Une seule solution, pour ce médecin : que ces tâches supplémentaires, qui incombent aux PSE et aux écoles, soient assurées par les dispositifs déjà existants, mais réservés à la gestion épidémique hors-milieu scolaire. Olivier Costa plaide ainsi pour que le tracing scolaire soit assuré par les call-centers, et que la vaccination des jeunes soit assurée par les centres et antennes de vaccination.”On est majoritairement d’accord sur ce point-là : il existe des structures qui ont la capacité opérationnelle, la formation, la structure et qui font ça depuis un laps de temps suffisant. Donc le rapatrier chez nous, en nous demandant d’acquérir ces compétences-là, sur notre temps de mission habituel, c’est un problème car on est dévié de ce que nous devons faire habituellement“, explique-t-il.

Les PSE envisagent, d’ailleurs, de déposer un préavis de grève face à la situation actuelle.

Interview d’Olivier Costa, médecin-coordinateur du PSE Libre de Bruxelles

► En Immersion | Les indispensables, ces métiers dans l’ombre de l’école (10/09/2021)

 

La vaccination des jeunes à la traîne

Des plaintes du milieu scolaire, qui interviennent alors que la vaccination des élèves bruxellois est bien plus basse qu’ailleurs.

Ainsi, selon le dernier relevé de Sciensano, l’institut de Santé publique, 32% des 12-17 vivant à Bruxelles ont reçu une première dose (22% ont une vaccination complète), contre 83% en Flandre et 60% en Wallonie.

Données : Sciensano (22/09/2021)

► Versus | Mesures Covid à l’école : jusqu’où aller ? (24/03/2021)

Une vaccination plus importante des jeunes Bruxellois : il s’agit d’une des solutions avancées par le SeGEC. Il y a un mois, le secrétariat général de l’enseignement catholique plaidait déjà pour une évolution de la gestion pandémique dans les écoles, avec une vaccination obligatoire des enseignants, un pass sanitaire et davantage de sensibilisation.

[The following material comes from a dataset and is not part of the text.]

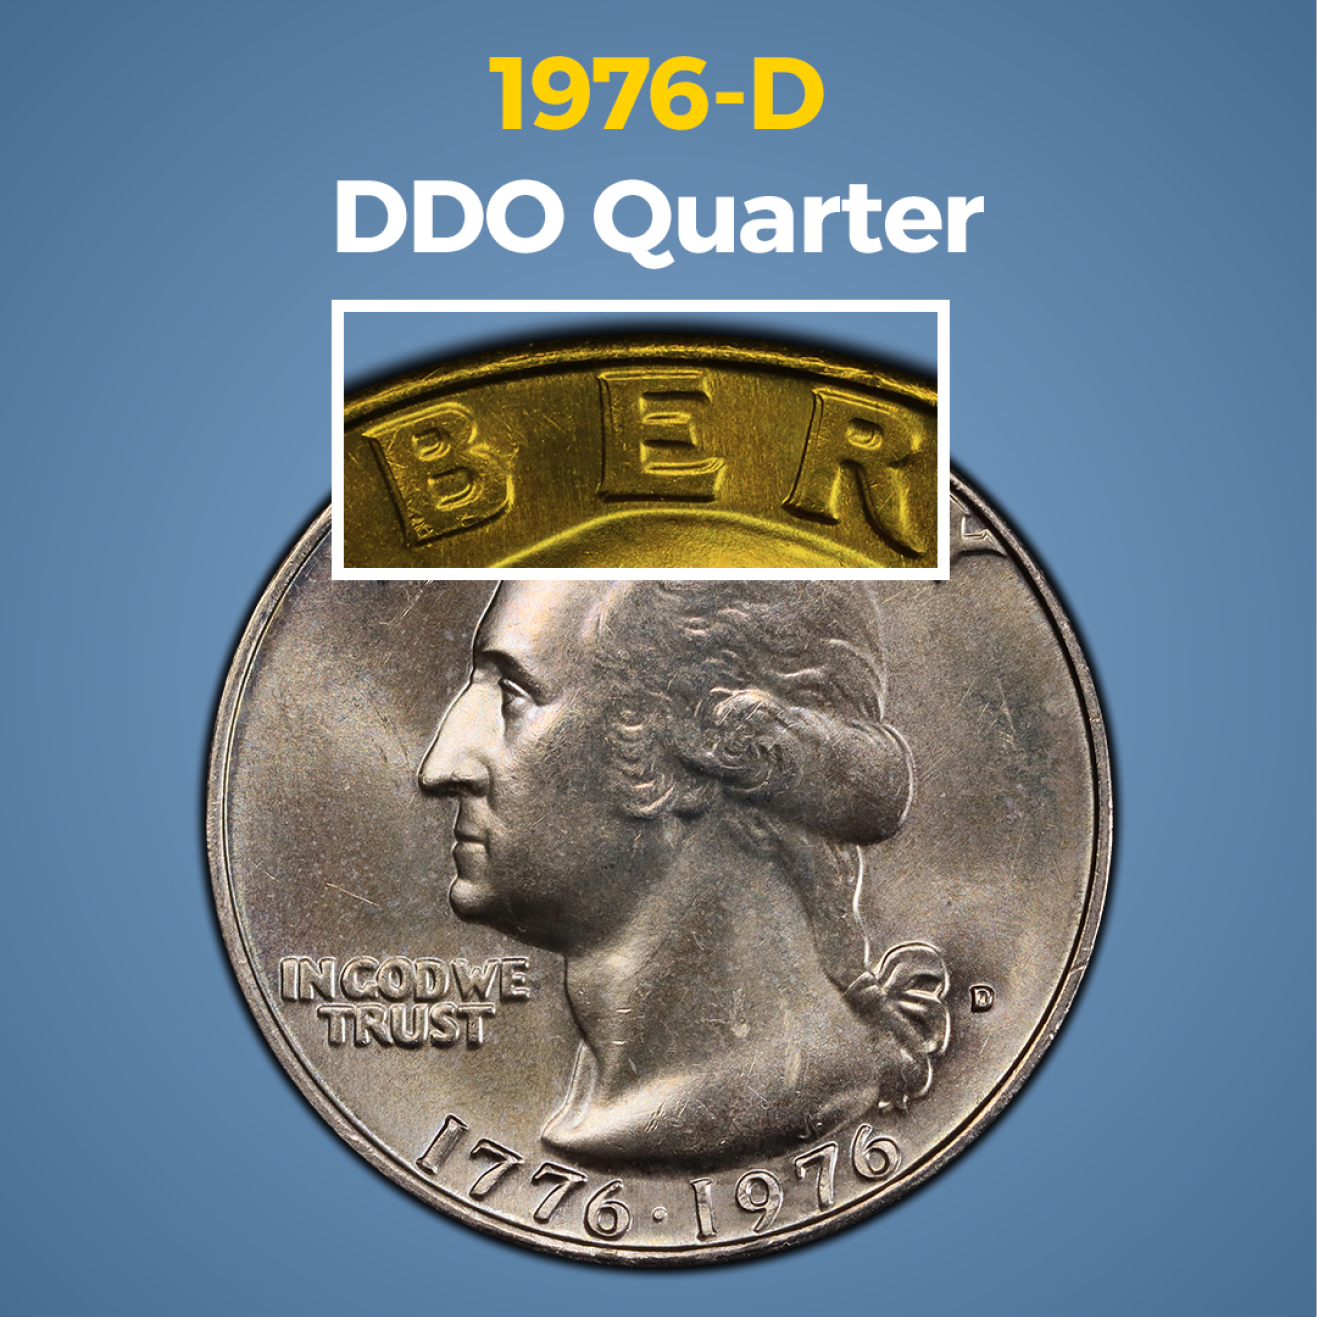 Latest Image: Variety 1976-D DDO Quarters
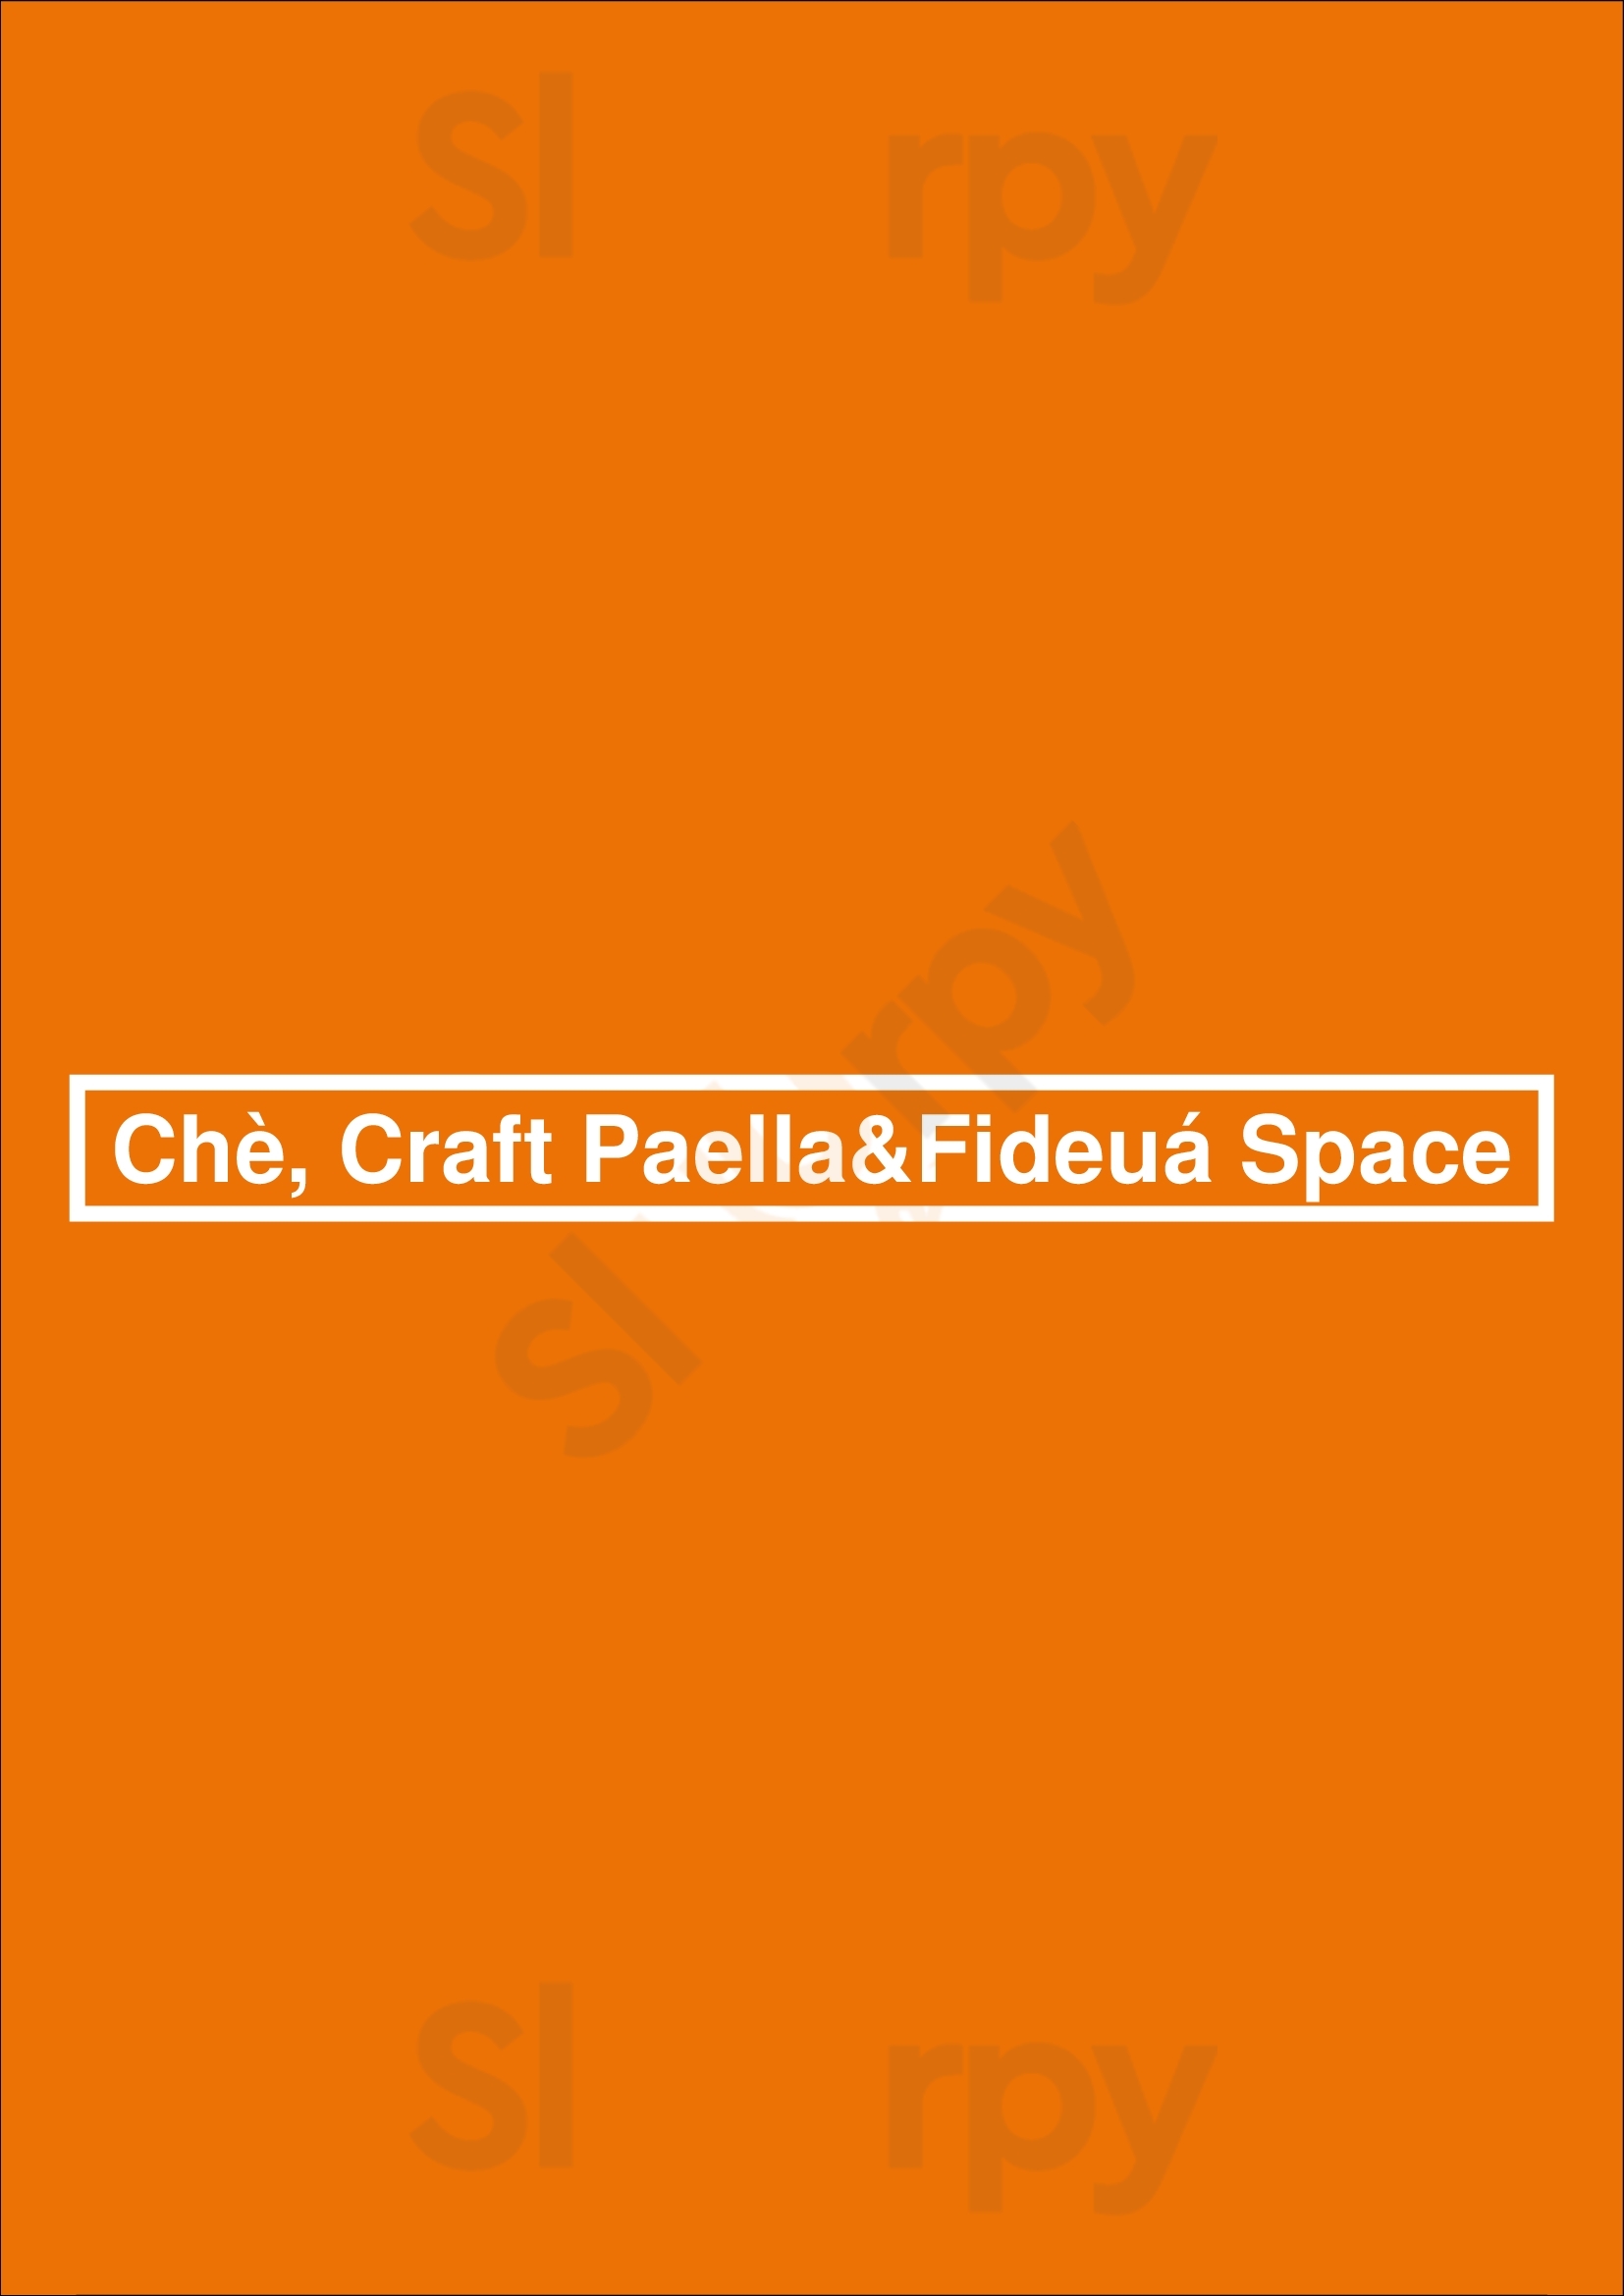 Chè! Craft Paella&fideuá Space Jerez de la Frontera Menu - 1

La seule option possible, c’est l’augmentation significative des taux de vaccination, tant chez les enseignants que chez les élèves. On a beaucoup parlé de la vaccination des enseignants, en Wallonie on est à un taux assez élevé, à Bruxelles on ne sait pas très bien. Mais il faut s’intéresser aussi à la vaccination des adolescents de 12 à 17 ans, dont le taux est plus élevé en Flandre“, analyse Etienne Michel, le directeur général du SeGEC.